Senate Passes Federal Right-To-Try: Poll on Your Opinion

Right To TryThe U.S. Senate just passed a bill that if it becomes law would codify Right-To-Try as a federal law, meaning terminally patients across the U.S. could ask their physicians and drug manufacturers to be given still investigational therapies such as still unproven stem cell therapies in development.

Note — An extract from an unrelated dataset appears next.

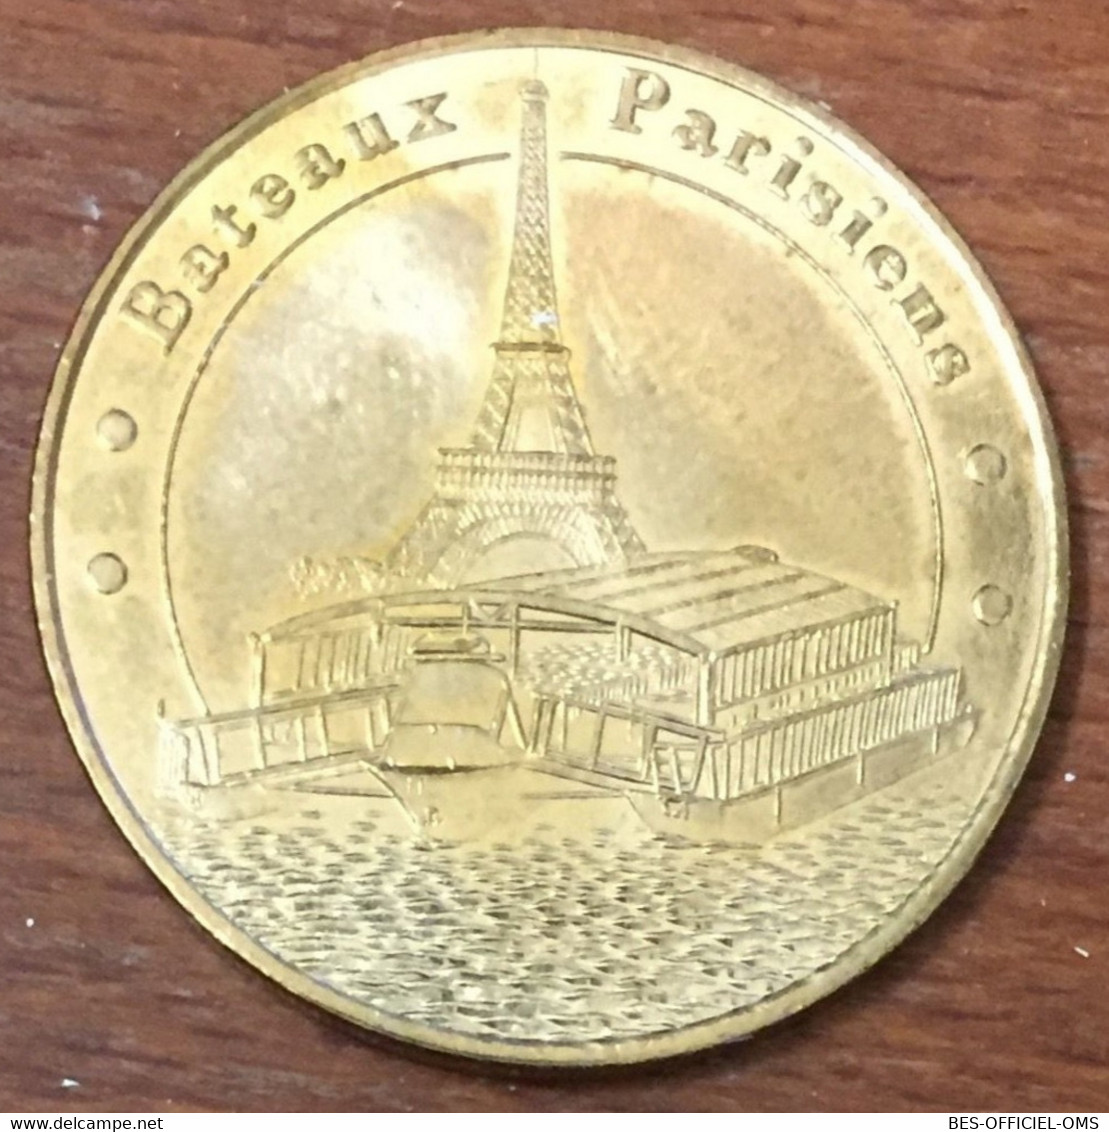 75007 PARIS BATEAUX PARISIENS MDP 2007 MEDAILLE SOUVENIR MONNAIE DE PARIS JETON TOURISTIQUE MEDALS COINS TOKENS - 2007

The bill’s official name is

“The Trickett Wendler Frank Mongiello Jordan McLinn,and Matthew Bellina Right to Try Act of 2017.” Its goal is summarized this way, “To authorize the use of unapproved medical products by patients diagnosed with a terminal illness in accordance with State law, and for other purposes.”

It has 7 key bullet points according to the Senate:

It is the sense of the Senate that section 561B of the Federal Food, Drug, and Cosmetic Act, as added by section 2—

(1) does not establish a new entitlement or modify an existing entitlement, or otherwise establish a positive right to any party or individual;

(2) does not establish any new mandates, directives, or additional regulations;

(3) only expands the scope of individual liberty and agency among patients, in limited circumstances;

(4) is consistent with, and will act as an alternative pathway alongside, existing expanded access policies of the Food and Drug Administration;

(5) will not, and cannot, create a cure or effective therapy where none exists;

(6) recognizes that the eligible terminally ill patient population often consists of those patients with the highest risk of mortality, and use of experimental treatments under the criteria and procedure described in such section 561A involves an informed assumption of risk; and

(7) establishes national standards and rules by which investigational drugs may be provided to terminally ill patients.

Proponents say it makes good sense and is ethical that such extremely ill patients should be given the right to try a wide range of options including unproven therapies, while opponents say it is too risky and that the FDA’s current compassionate use/expanded access program already works for such patients. It is likely that this bill will become law soon.

For two strong opinions either way on Right-To-Try see this debate from this week involving Beth Roxland of NYU and Christina Sandefur of the Goldwater Institute.

What do you think of the idea of a federal Right-To-Try law? Take our poll above.

4 thoughts on “Senate Passes Federal Right-To-Try: Poll on Your Opinion”

  1. Inga Andersdotter

    I’m still not sure how I feel about this. BUT….I did a lot of research into these issues when Oregon passed the RTT bill about 2 years ago, and one thing is definitely true: in the past, the FDA had a terrible history of transparency when it comes to the question of who gets compassionate use, how they get it, and why it did or didn’t happen.. From all available information, it seems that it was all about who you knew, whether or not you were sophisticated enough to cut through red tape, if you had the influence to pull strings, etc etc etc. There was zero transparency. (I still have all of the references and sources that I found.) And I have to say that I think the longstanding issues with access have had a lot to do with why RTT was and is so appealing. People who had to go through the process had very little reason to trust that the FDA could handle fair access to whatever experimental treatments were available. This issue really needs to be openly admitted at this point.

  2. This sounds like a step in the right direction, however, it would not benefit people, such as myself, who suffer with ms because, for the most part, ms is a non life threatening disease.

    1. Cathy, here’s the hope for those with non-terminal illness like MS. There are also terminal autoimmune illnesses like System Juvenile Rheumatoid Arthritis. There are a few children who’s lives have been saved using high dose expanded stem cells, which were extracted from their own fat tissue. RTT can make it easier for terminal patients to access therapies like this, thus growing the evidence base faster. And once the evidence is there that it puts terminal autoimmune patients into remission, the logical next step is to accelerate access and approval for chronic patients. I know this, because I had the same treatment for long standing MS, and have been im remission since 2014. We’re going to get there!